The American Friends Service Committee sent Walter Abel and Drew Pearson to inspect the camps and interview those involved. The men found 28 thousand families dependent on charity.
The unemployed, unionised workers and their families were in great need. Many had been out of work for between 6 and 16 months. The various strike funds were exhausted, and the local Red Cross officials had taken a partisan stand on the side of the mine operators – deeming that the miners were not deserving of charity because they had refused work (albeit at reduced pay).
‘The same principle which guided us in carrying relief to German and Russian children impels us to enter this new field,’ the AFSC wrote to the miners. ‘Christians cannot sit by and see children stunted in mind and body on account of the differences of opinion that exist between nations or between social groups.’
‘Economic strife does not justify the starving of innocent peoples,’ wrote the Executive Secretary of the AFSC in another letter, this time to the Red Cross. ‘... We are not partisan or taking sides with he strikers, although such a conclusion will be drawn by many people.’
Quaker relief work began in July. One of those involved was Freda Burkle who had helped plan the menus for the Quäkerspeisung – the mass feeding programme for children in Germany following WWI.

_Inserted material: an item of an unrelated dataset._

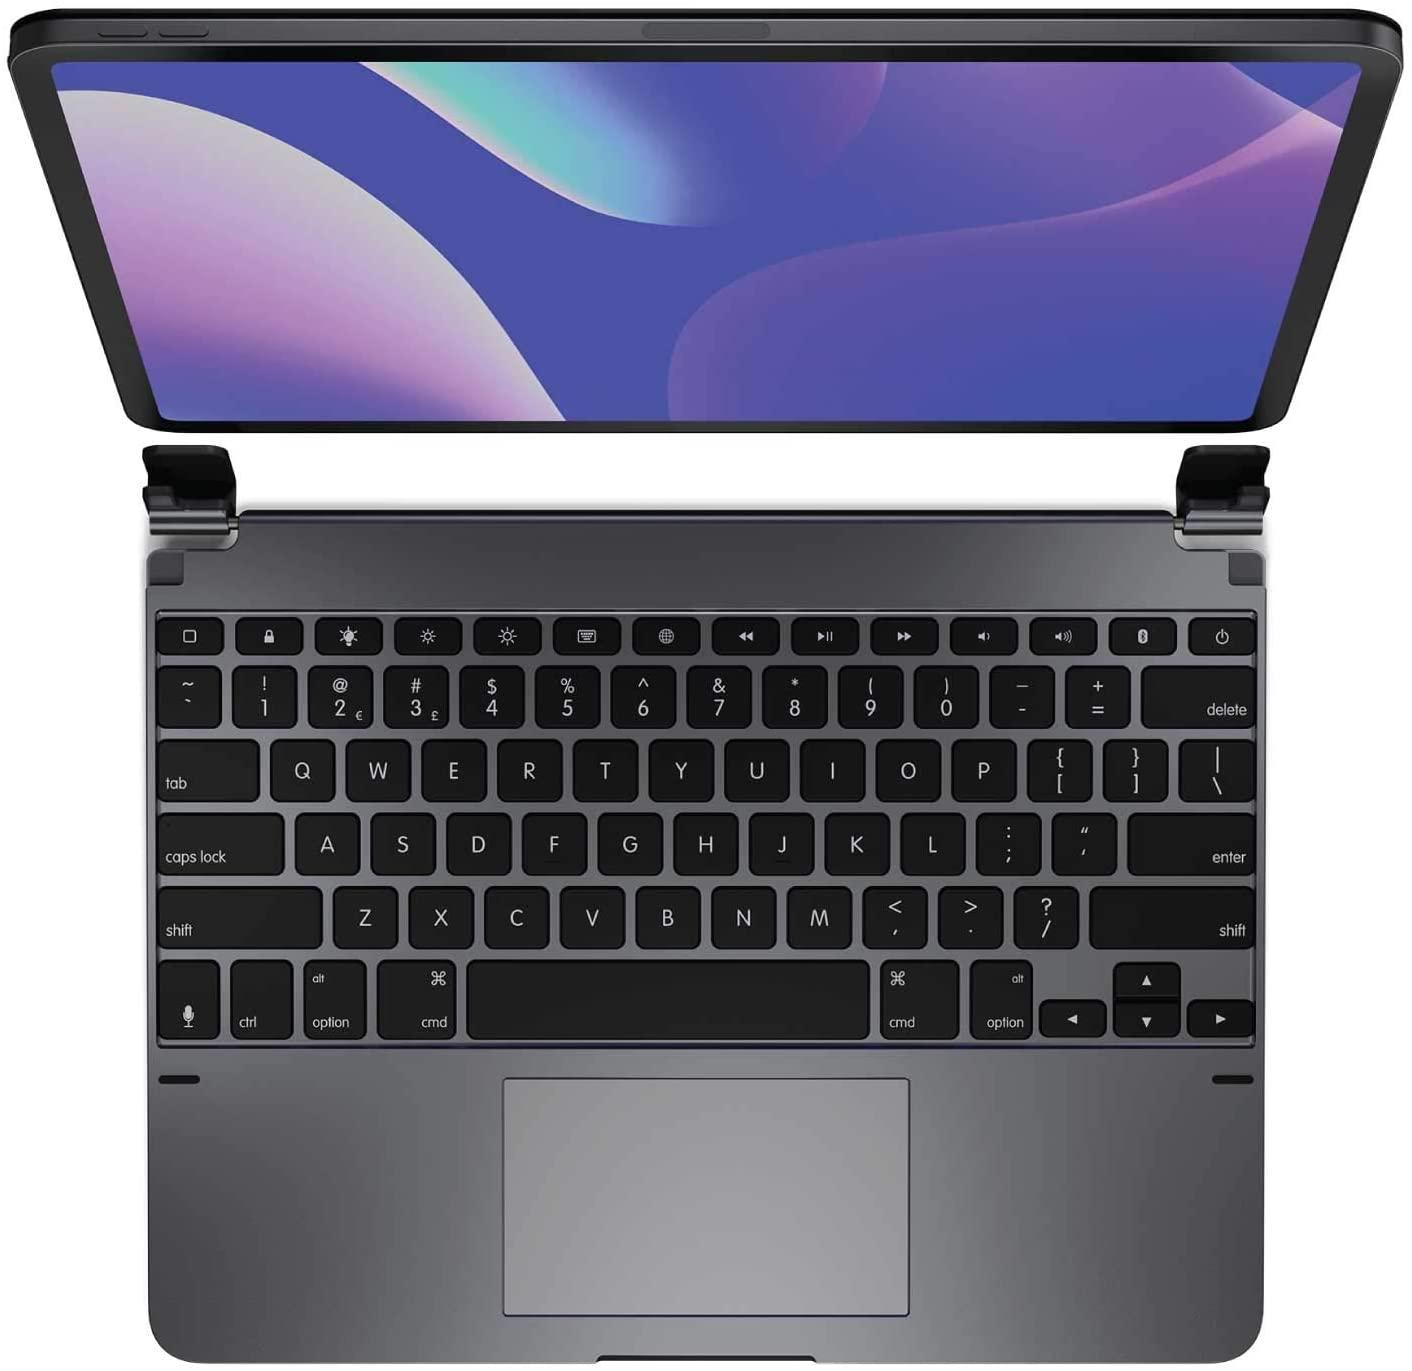 Brydge 12.9+ pro wireless keyboard

Children in the camps were examined by local doctors. By then there had been some improvement in conditions as miners had been able to plant gardens, but there were still many in need. Friends established feeding stations for children who were 7% or more underweight. They provided supplementary food for up to 750 children at any one time.

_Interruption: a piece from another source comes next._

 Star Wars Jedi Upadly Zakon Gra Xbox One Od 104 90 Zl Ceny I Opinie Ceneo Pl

The mines reopened in September 1922 and families were then able to buy food from company stores. However, Friends continued to provide clothing and welfare support for the miners’ families until Feb 1923
Friends judged that the two key successes of the programme had been to improve sympathy between miners and local public and to bring to the attention of the country as a whole that innocent children should not become the victims in an industrial dispute.